Wednesday, February 11, 2009

Paper 2 draft

The role of women in American society was in constant flux from 1890 to 1925. As Kathy Peiss observed, the ideal ‘new woman’ was beautiful and fun loving. These ‘new women’ were permitted to work but their primary roles were as wives and mothers. However, some women wanted more freedom and equality prompting them to seek out other representations. During this period the women’s suffrage movement resumed along with civil rights and reconstruction. Often times white American women and black men were seen as the spokespeople for these causes. African American men represented the typical black rights activist because they were the most visible in American society. White American women of middle and upper class were thought to embody the struggle of women’s suffrage. Immigrant women and black women may have been just as committed to social progress but they were often pushed aside to make room for more identifiable representations. Black men represented their causes because of their gender while white women gained appreciation because of their national identity. Not unlike white women, black women were also grappling with ideals of domesticity and newer ideals of independent womanhood. Both black women and immigrant women were more disenfranchised than black men or white American women. Anzia Yezierska wrote Bread Givers to chronicle one immigrant woman’s struggle for equality in New York. Similarly, “The New Negro” by Alain Locke implicates the role of African American women in society. Immigrant and black women were disrespected and marginalized by American culture. In spite of their demeaning significations, some black and immigrant women fought for equality by adopting the ‘new woman’ ideal to include themselves. In the early 20th century Black and immigrant women defied traditional ideals by educating themselves, wearing make up, and by proclaiming their rights to equality.
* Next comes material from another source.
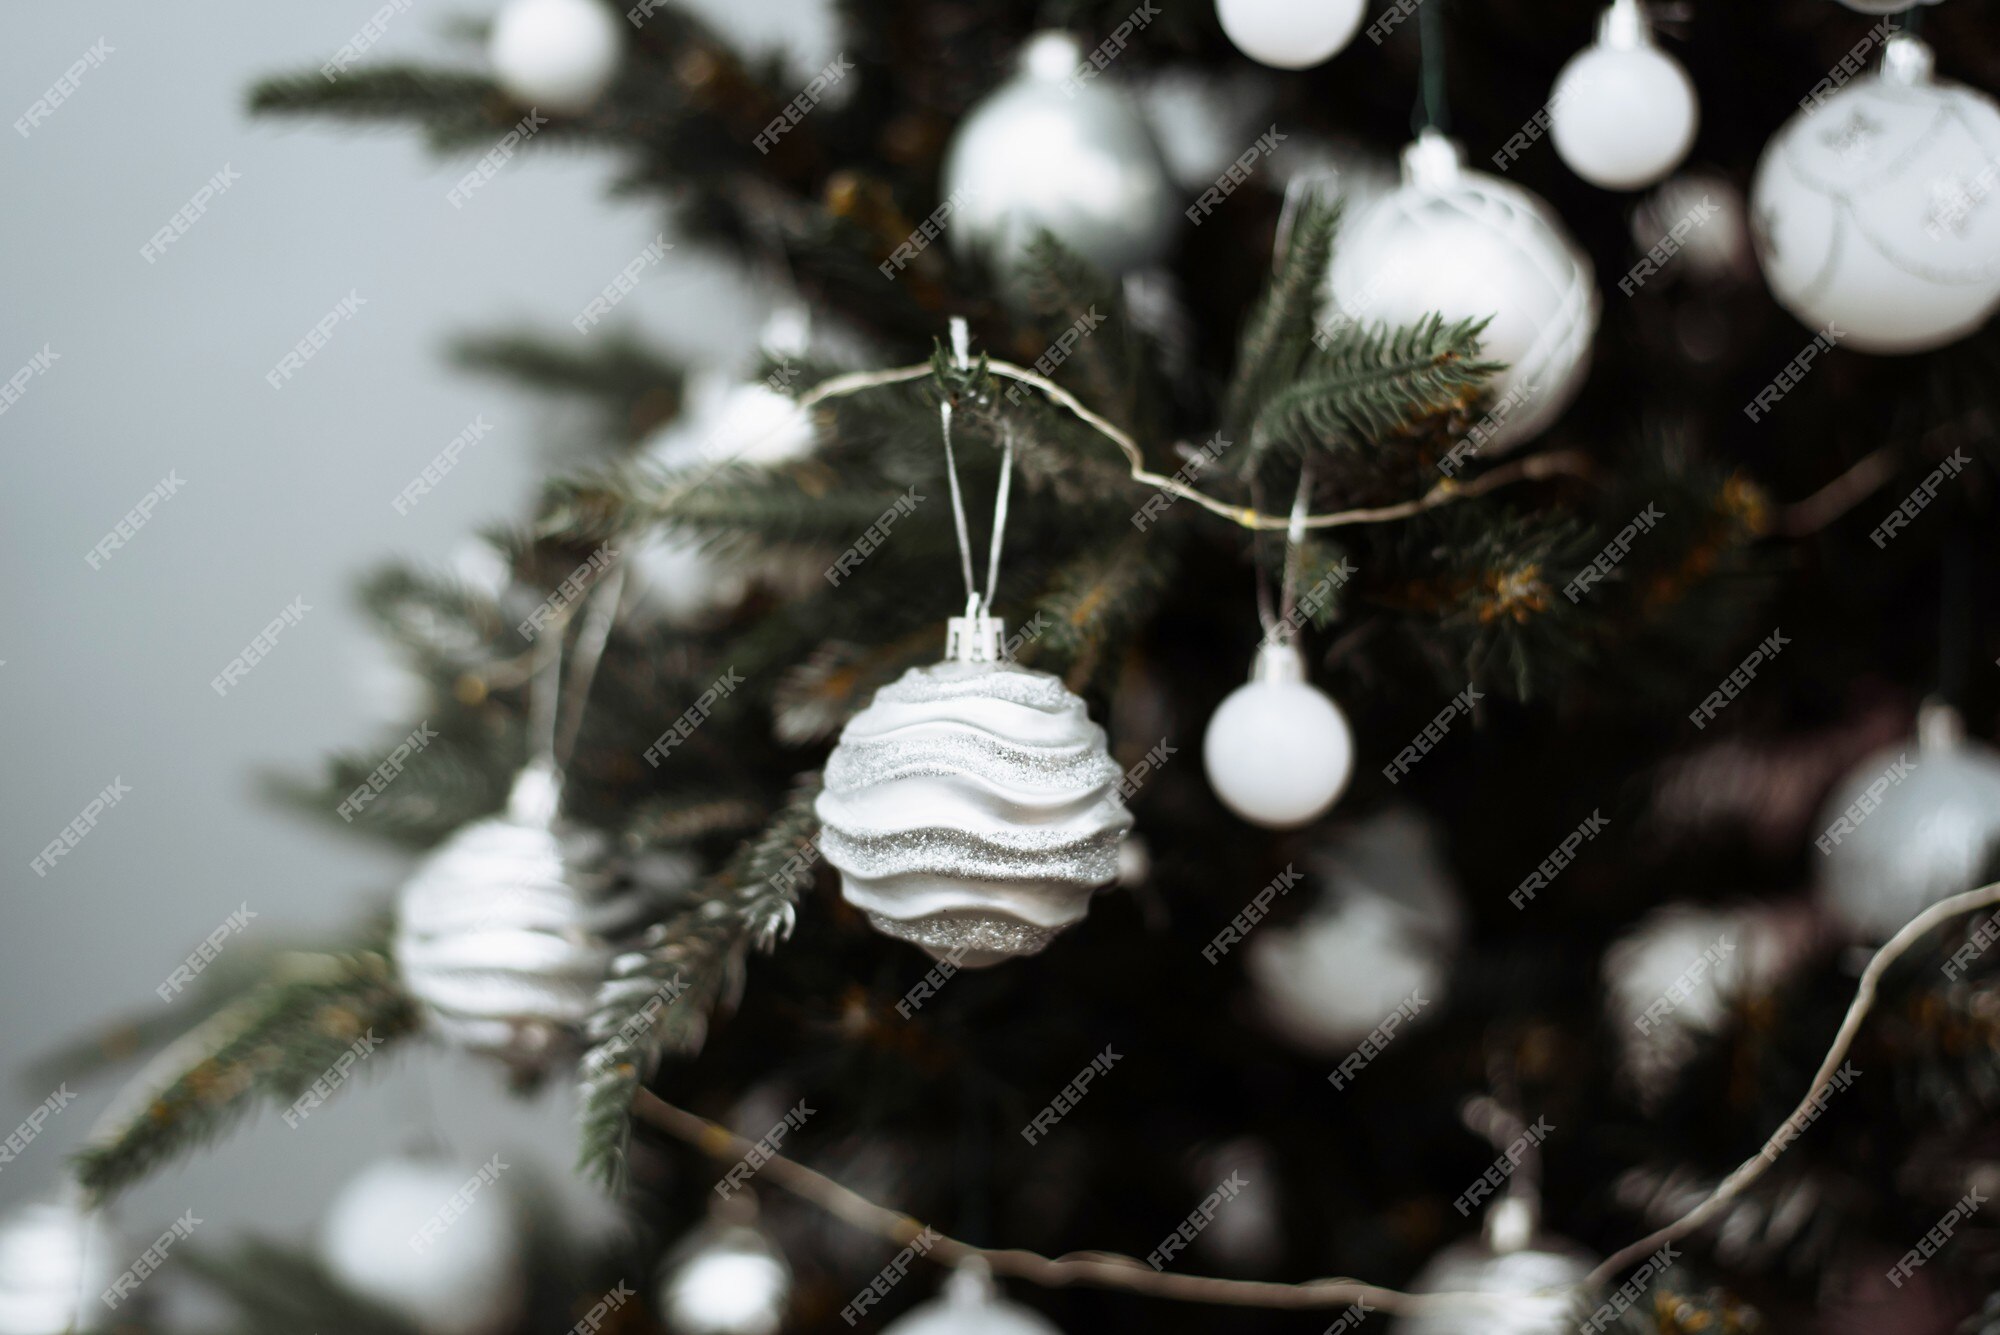 Galho de árvore de natal decorado com bolas de prata e festão branca. |  Foto Premium
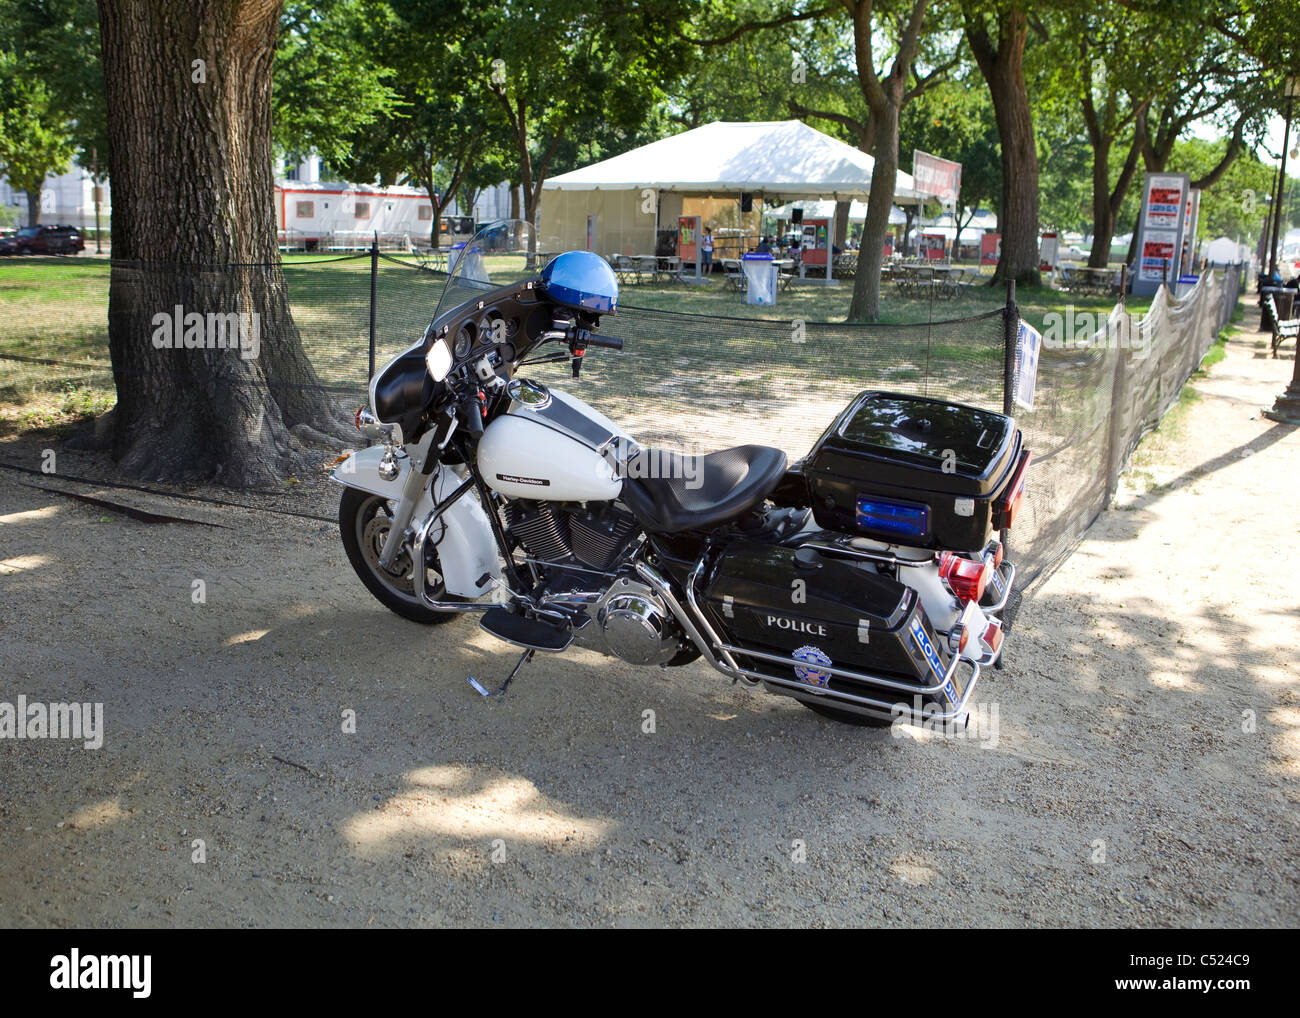 Noi Parco nazionale di polizia Harley Davidson Moto parcheggiata in ombra - Washington DC, Stati Uniti d'America Foto Stock

Black women had an especially difficult time assimilating into the ‘new woman’ ideal because of previous stereotypes. The cultural atmosphere for women is discussed by Kathy Peiss in “Making Faces: The Cosmetics Industry and Cultural Construction of Gender, 1890-1930.” Peiss’s document discusses how the advent and growing popularity of cosmetics led to the unequal standing between women. In particular, Black women were grappling with the dominant white beauty standard; nothing was too white, too lavish, or too much fun for the new woman. The flourishing advertisement industry shows how black women were supposed to attain higher status in America. For instance Peiss says that whites “featured light-skinned, refined looking, women” in their ads geared towards all black women. This choice not only created one standard of black beauty but also taught black women to reject their black heritage. The distinction between light and dark skinned black women represented the difference between the sophisticated and the mammy. Peiss supports this claim when she writes “stylishness and adornment were ideals cultivated by postbellum African Americans, signifying freedom and respectability. Although the issue of personal grooming for Black women centered more around hair care [and] some use of cosmetics.” Black women used skin-bleaching kits to essentially bread out their un-American or African features. This supports the claim that African American women made their presence known in the U.S. by utilizing feminine products more than in the past. The newfound products women used were ways for them to reinforce the roles they established for the new woman.

Black women exemplified the new woman by educating themselves. “The New Negro” by Alain Locke implies that black women shared in the Harlem renaissance with black men.

Not unlike Black women, immigrant women sought to improve their status in America through education, make-up, and assertive behavior.

Black and Immigrant women were all but invisible to the rest of America.

1 comment:

  1. I'm not exactly sure where you're going with this. It seems that your argument is that Black women and Immigrant women became the "new woman" by education and material changes. I'd like to see you really prove how this gives them a right to equality. So what if they're doing the same things as the "new white woman" why all of a sudden by doing the same thing as whites do blacks and immigrants become equal? I think you need to go a little deeper into it and actually point out how this new education and material changes brought them into white society. Try looking at Bread givers it'll help you out a little with how education actually brings the immigrant woman into white society.

    Additionally the introduction is a bit confusing. I am not sure why Black men recieve a lot of attention in the introduction but it does not continue in the next paragraph nor the next three points you make.

    Also, on my blog you wrote "take a stance does sara assimilate or not?" is that all you get from my paper? Is that what you have found to be the argument I'm trying to make. Does my paper look to you as an argument as to whether or not Sarah assimilates? Because if so then I have some revising to do because that is not my point, I think that sarah is the exception to the rule. She bypassed the material stage and went right to the education but it made everything extremely difficult for her.